▶ _SUPPLIED DATA_:

────────────────

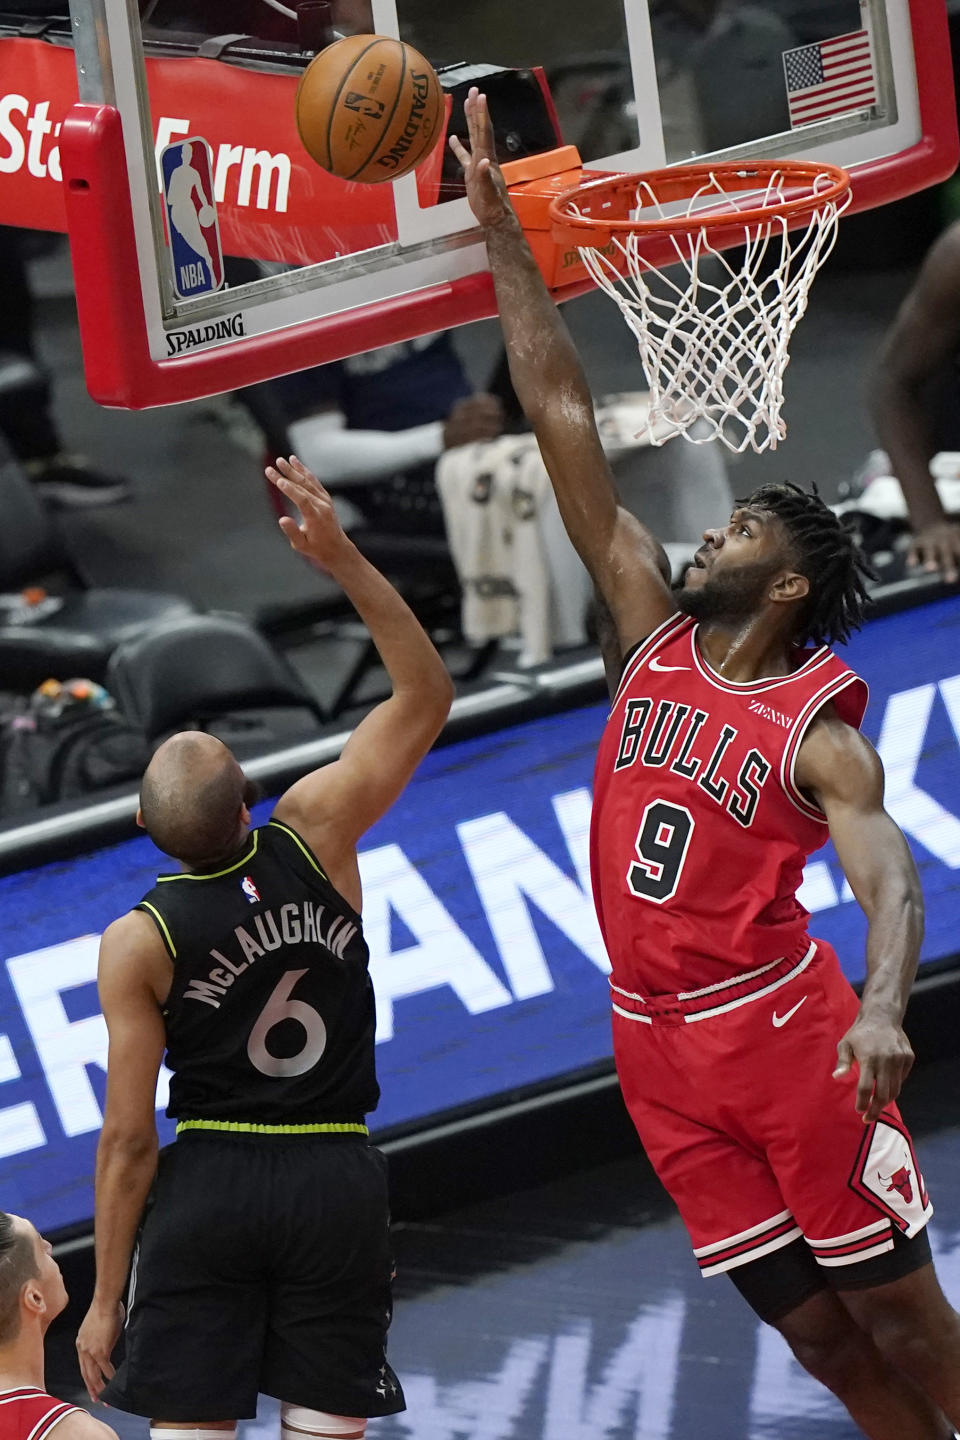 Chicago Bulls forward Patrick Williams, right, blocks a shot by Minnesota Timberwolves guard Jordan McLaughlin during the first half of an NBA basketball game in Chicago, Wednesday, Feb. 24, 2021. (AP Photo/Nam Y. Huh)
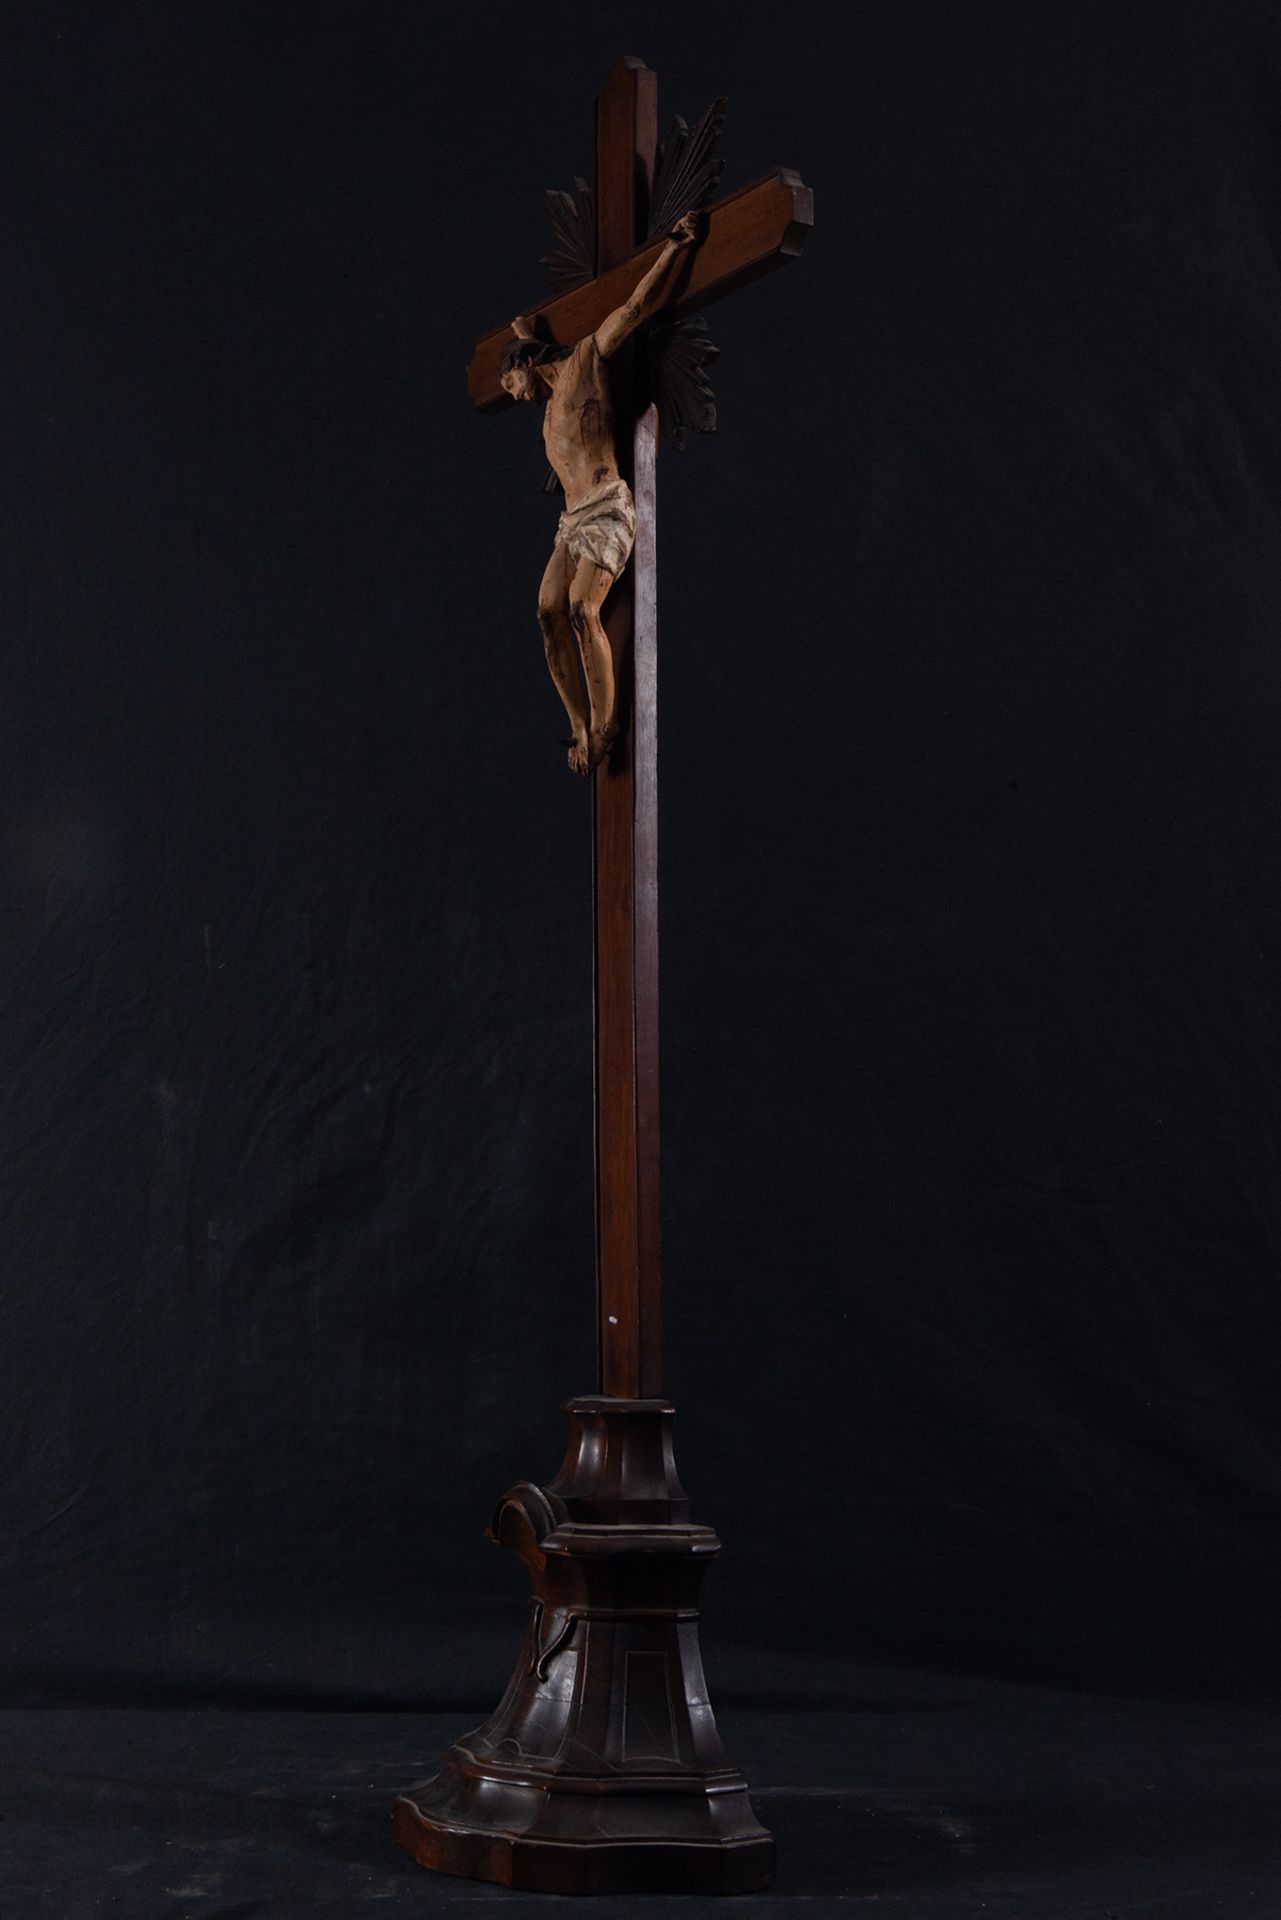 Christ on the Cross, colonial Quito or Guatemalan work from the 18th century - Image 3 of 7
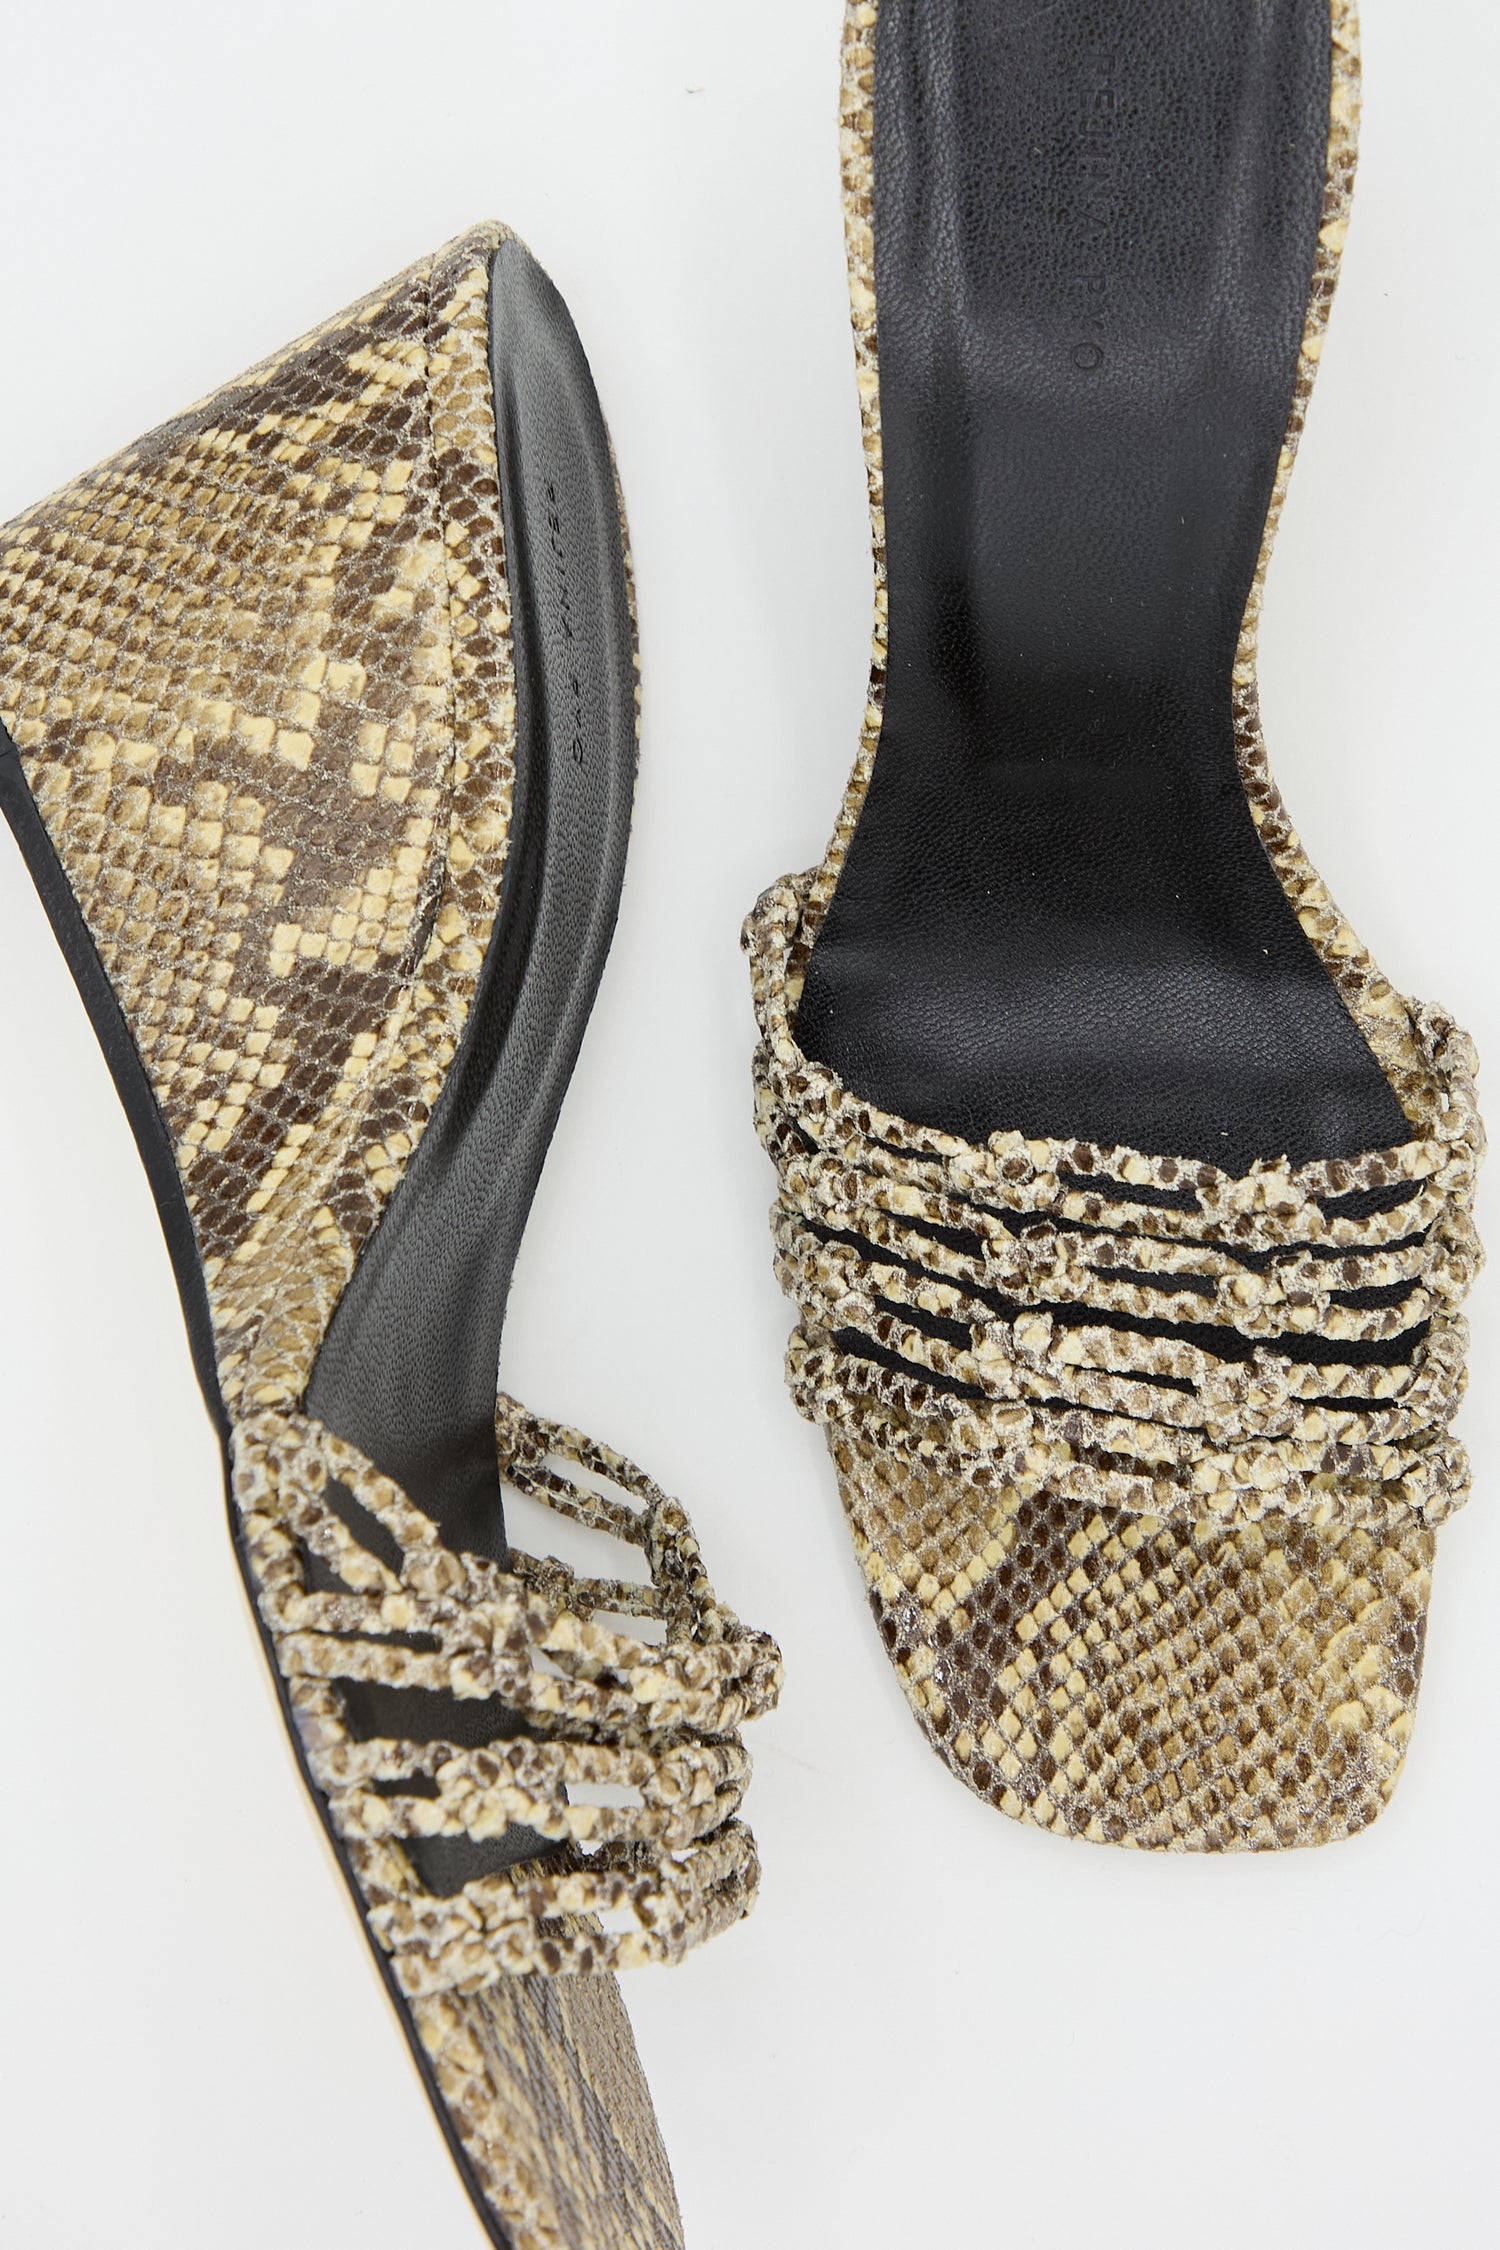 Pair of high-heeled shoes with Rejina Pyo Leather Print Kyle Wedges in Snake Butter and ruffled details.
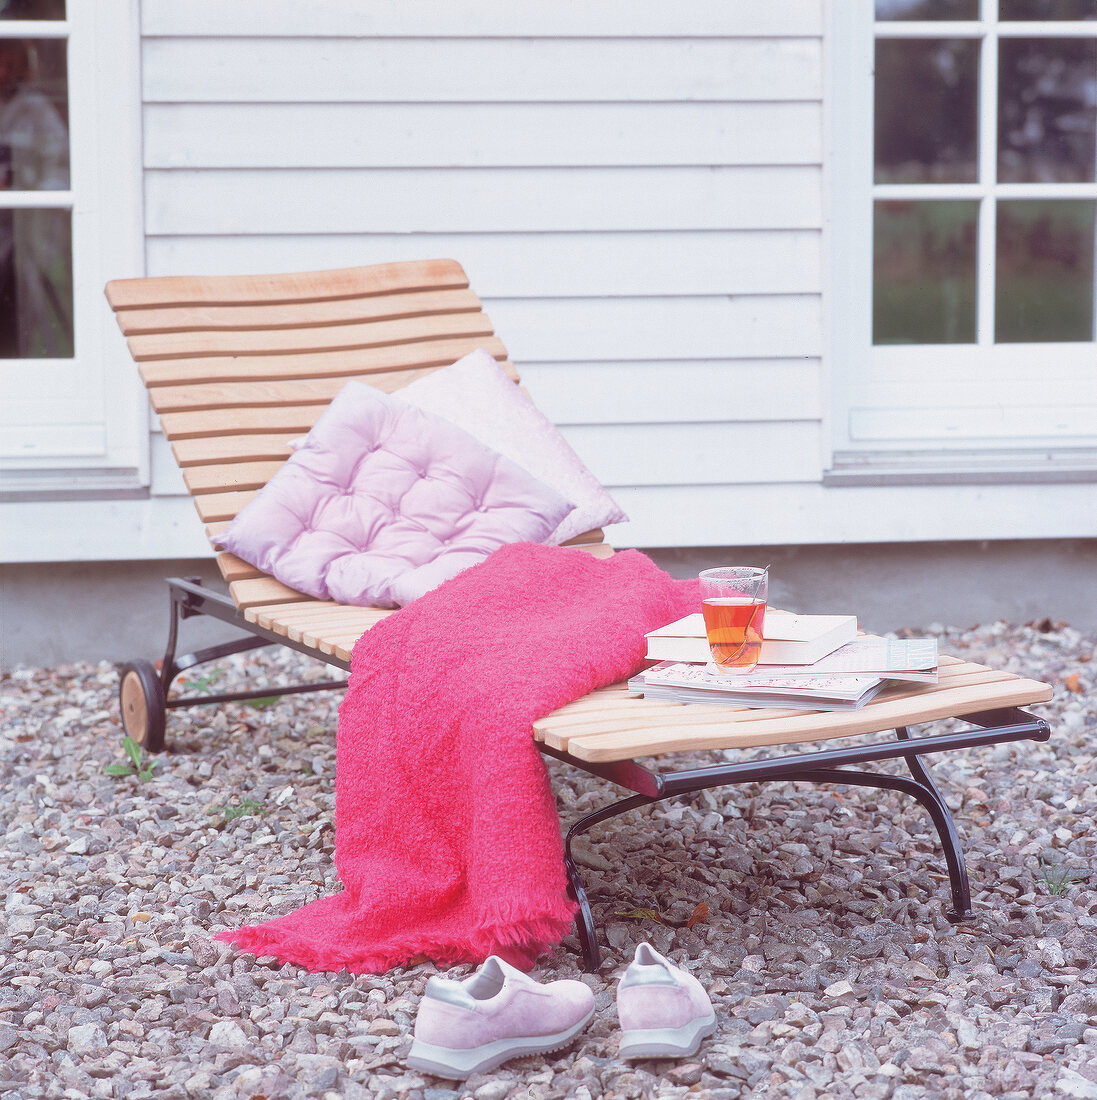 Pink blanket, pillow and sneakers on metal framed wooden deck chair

────────────────

Return the full listing above exactly as written, and omit the pictures.

 Chicago Bulls forward Patrick Williams, right, blocks a shot by Minnesota Timberwolves guard Jordan McLaughlin during the first half of an NBA basketball game in Chicago, Wednesday, Feb. 24, 2021. (AP Photo/Nam Y. Huh)
 Christ on the Cross, colonial Quito or Guatemalan work from the 18th century - Image 3 of 7
 Pair of high-heeled shoes with Rejina Pyo Leather Print Kyle Wedges in Snake Butter and ruffled details.
 Pink blanket, pillow and sneakers on metal framed wooden deck chair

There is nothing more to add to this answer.